If the snake bite is on a leg or hand, you should tie off the affected limb with an improvised tourniquet. You can use a belt or a bandana or anything else that can be tied around the area and pulled tight. Do this ASAP above the bite (but not excessively tight), in order to restrict the poisoned blood to flow to the vital organs, i.e. the heart.
But pay attention not to cut off blood circulation completely to fingers or toes and get the snake bite victim to the hospital pronto in order to avoid tissue damage due to reduced circulation.
You should try to kill the snake that bit you and bring it with you. Take extra precautions when handling the killed snake, because there are documented cases with snakes that have bitten after death.
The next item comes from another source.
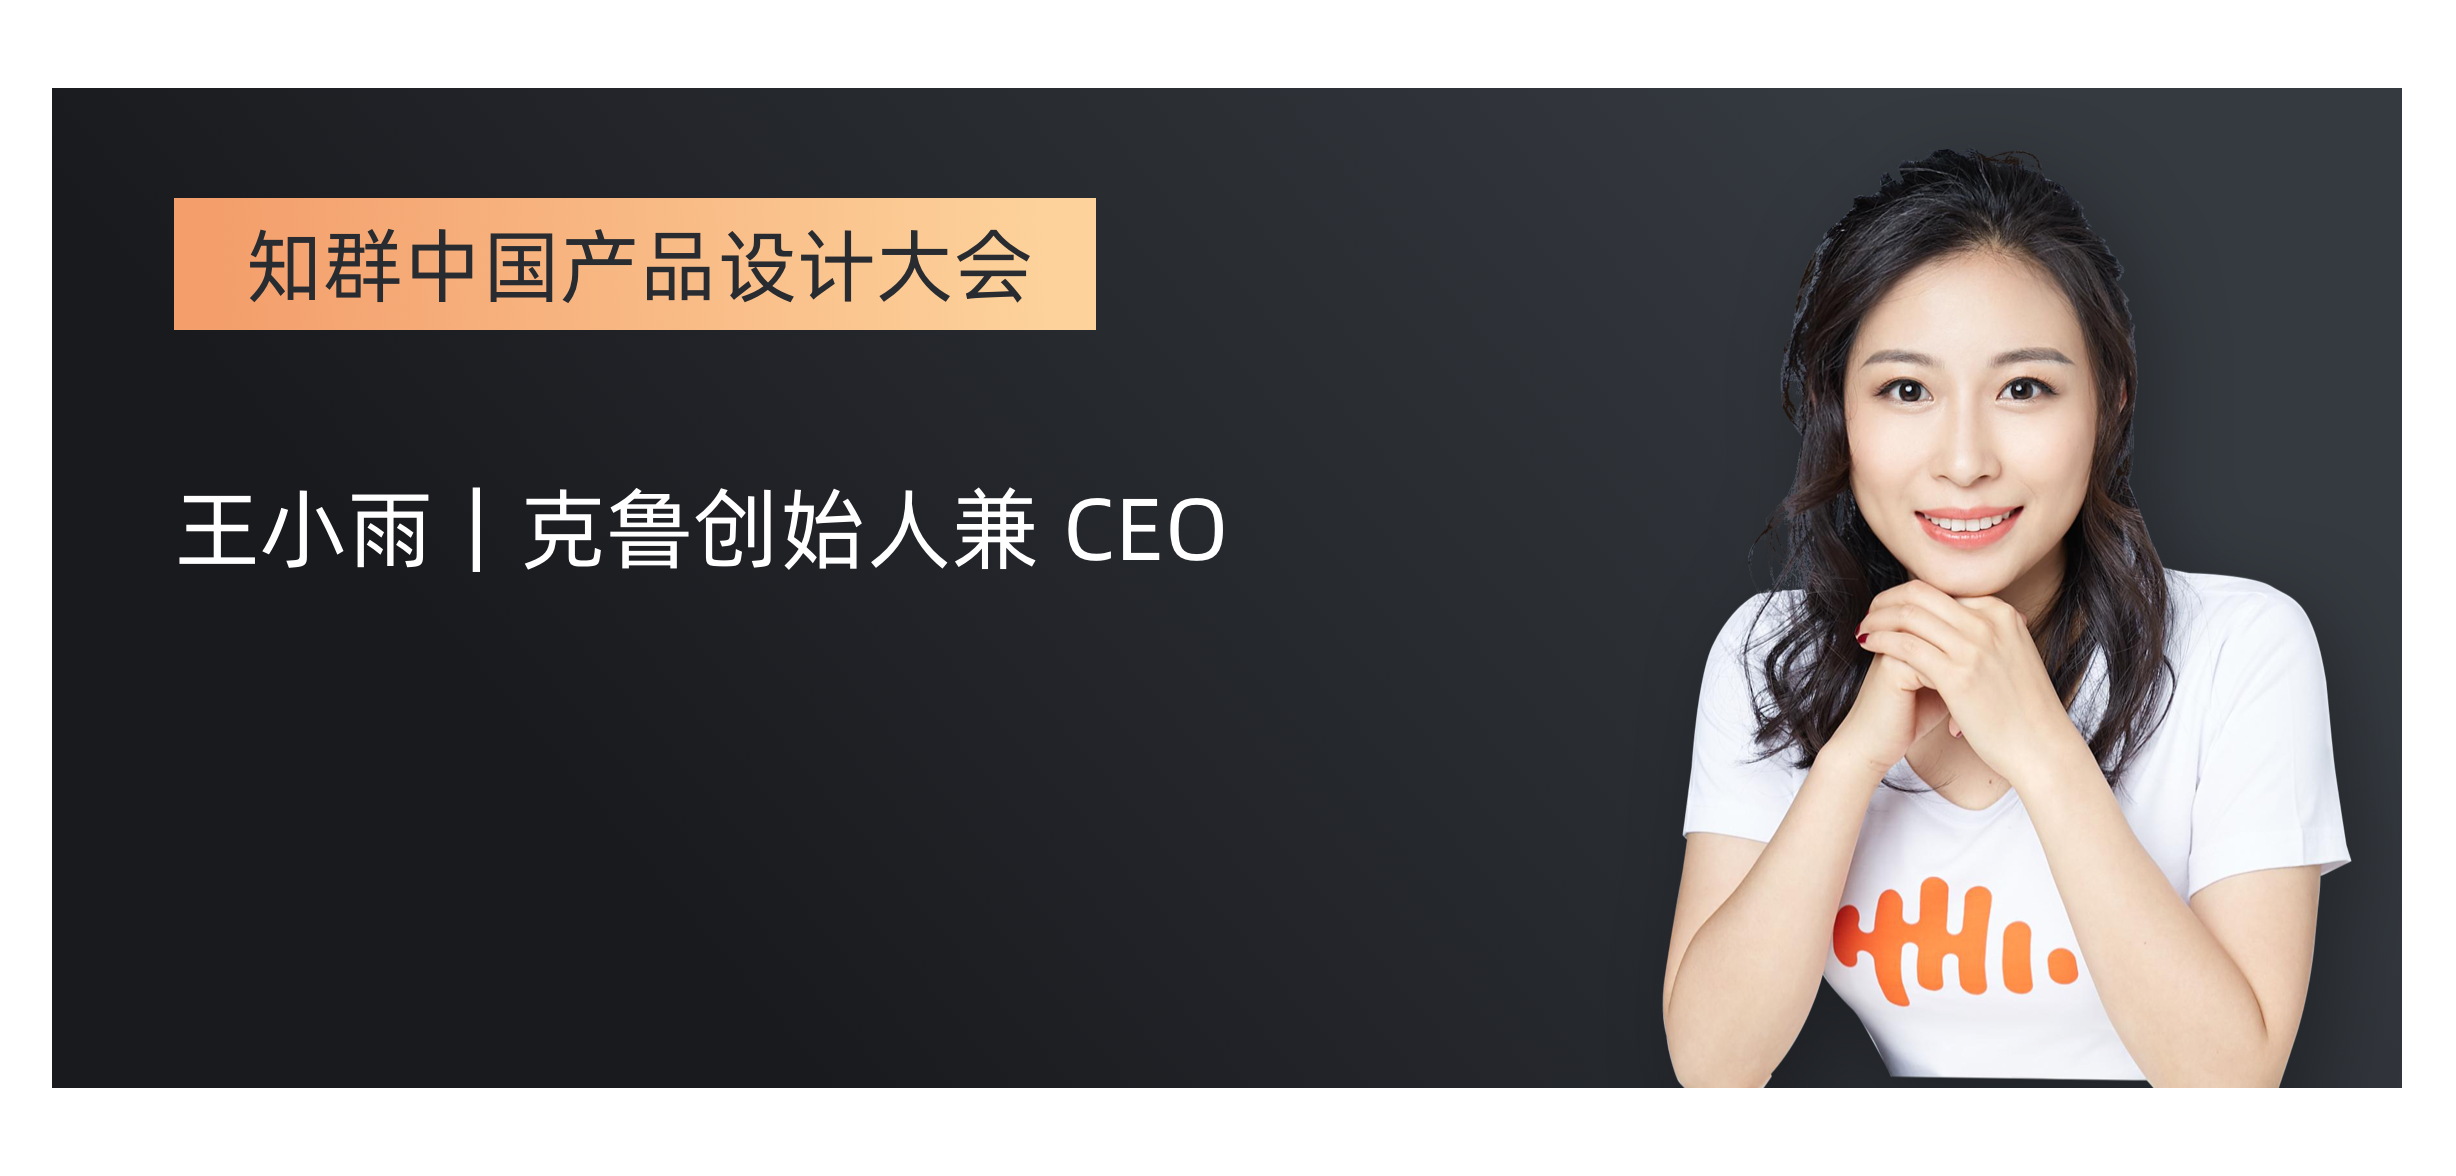 CastBox CEO 王小雨：一年增长 700 万全球用户，积累了这些经验 - 知乎

Having the snake will make sure that the victim receives the right anti-venom serum.
Snake bites all produce similar symptoms, like dizziness, weakness, numbness and impaired breathing. However, hemotoxic venoms will produce specific symptoms, including a metallic or rubbery taste in the victim’s mouth, swelling around the bite and an increased heart rate. Neurotoxic venoms make for slurred speech, drooling, drowsiness and twitching.
The best way to deal with snake bites in the absence of a survival kit is to relax, get comfortable (if you’re panicking your heart rate will increase and that translates into venom spreading through your body quickly) and try to get medical attention ASAP.